Book Read Free

The Tenth Song

Page 30

by Ragen, Naomi


  “No, I didn’t care.” She shrugged. “Maybe this will surprise you a little, darling, but I’ve been through something myself these last few months, Kayla dear. And before that, with your father’s cancer. I’ve learned about loss, and about limits. I always did what I thought was best for you. But I was ready to let go, to let you make the worst mistake of your life, if that’s what it turned out to be. I wasn’t coming out here to rescue you.”

  “So, all those things you told me when you first came . . .”

  “That’s what your father wanted me to say to you. That was my job. To get you to come back.”

  “Then I’m confused. You did a very bad job!”

  “I had pity on you. And your father will never forgive me for it. I betrayed him.”

  “What do you mean?”

  “He expected me to get you and myself on the next plane back. I told him it wasn’t going to happen. I guess that’s why he sent Seth. I guess he thought Seth would have more of an incentive. Does he?”

  “What’s that supposed to mean?”

  “Does he really want you back? And do you want him back? Is it love? Or is it just pride, power, jealousy, fear of poverty?”

  “He says he wants me back.”

  “Do you believe him?”

  “Why shouldn’t I?”

  “I don’t know. It’s like those photos of smiling people. If you cover their mouths, can you see the smile in their eyes? How deep does it all go?”

  “I have no idea what you’re talking about,” she said petulantly.

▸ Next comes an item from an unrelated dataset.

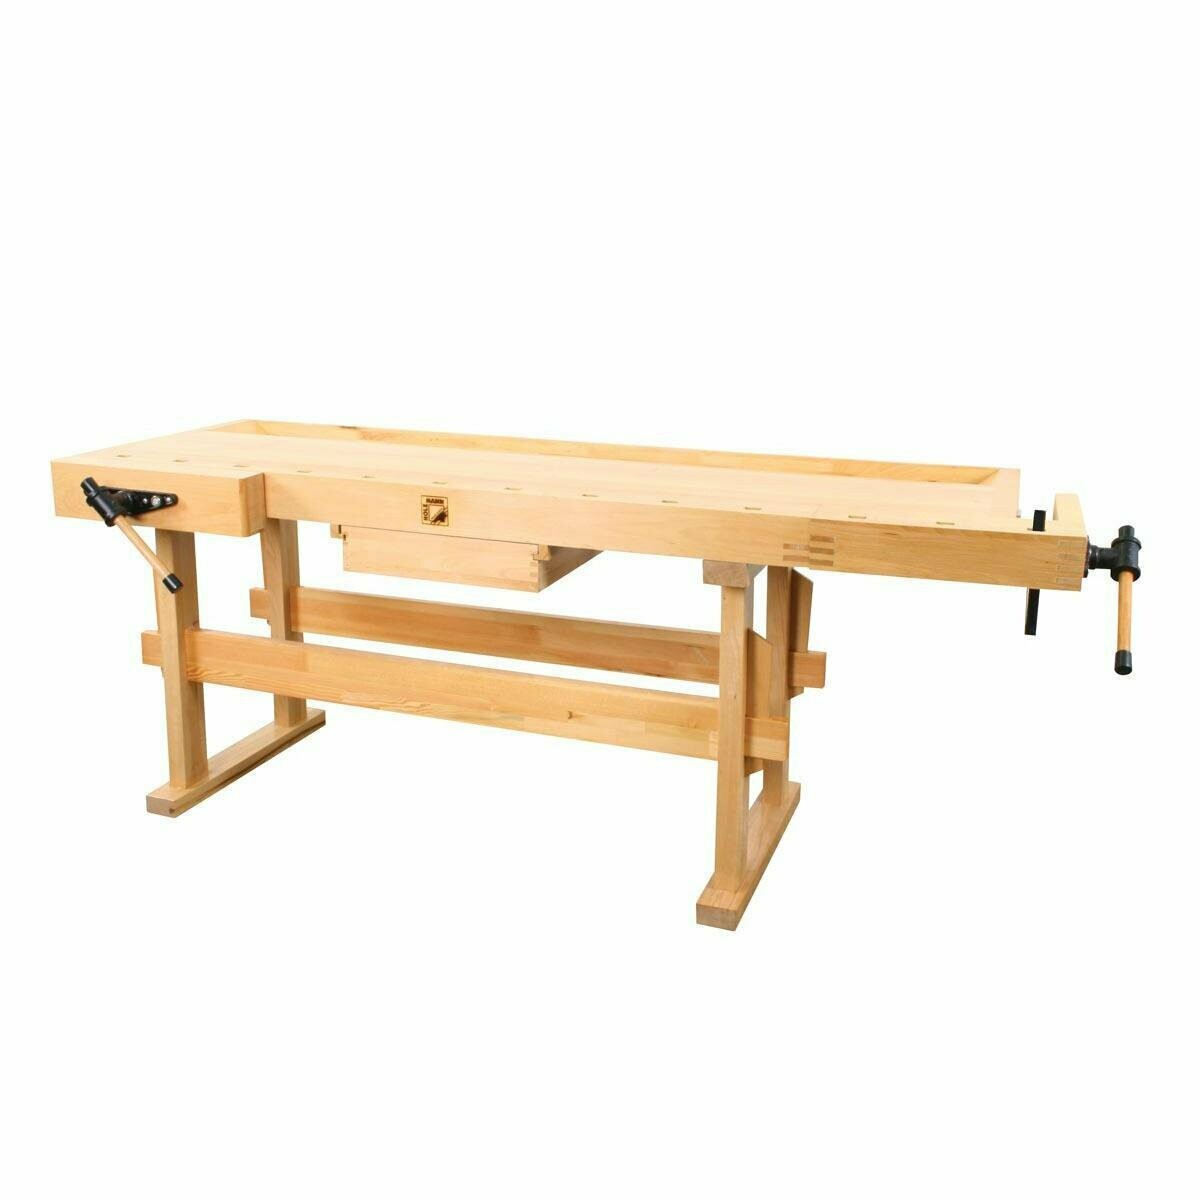 Holzmann WB210 Work Bench With Drawer & Clamping Jaws
( Available with free of charge UK mainland delivery)

  “Oh, your pride is hurt at the very thought that your fiancé might be faking it.”

  “I can’t believe this! You were the one who was skywriting about this engagement! He was your dream son-in-law! The CEO of your nachas factory.”

  “Maybe I’ve gotten over waving my achievements like a flag to win the approval of a bunch of hypocrites who proved they could turn against me on a dime,” she said bitterly. “Look, don’t get me wrong. I am extremely grateful to Seth for how he’s helped your father with this case. I understand he’s done some incredible research that might just turn the whole thing around. It was amazingly generous to invest his precious time like that . . .”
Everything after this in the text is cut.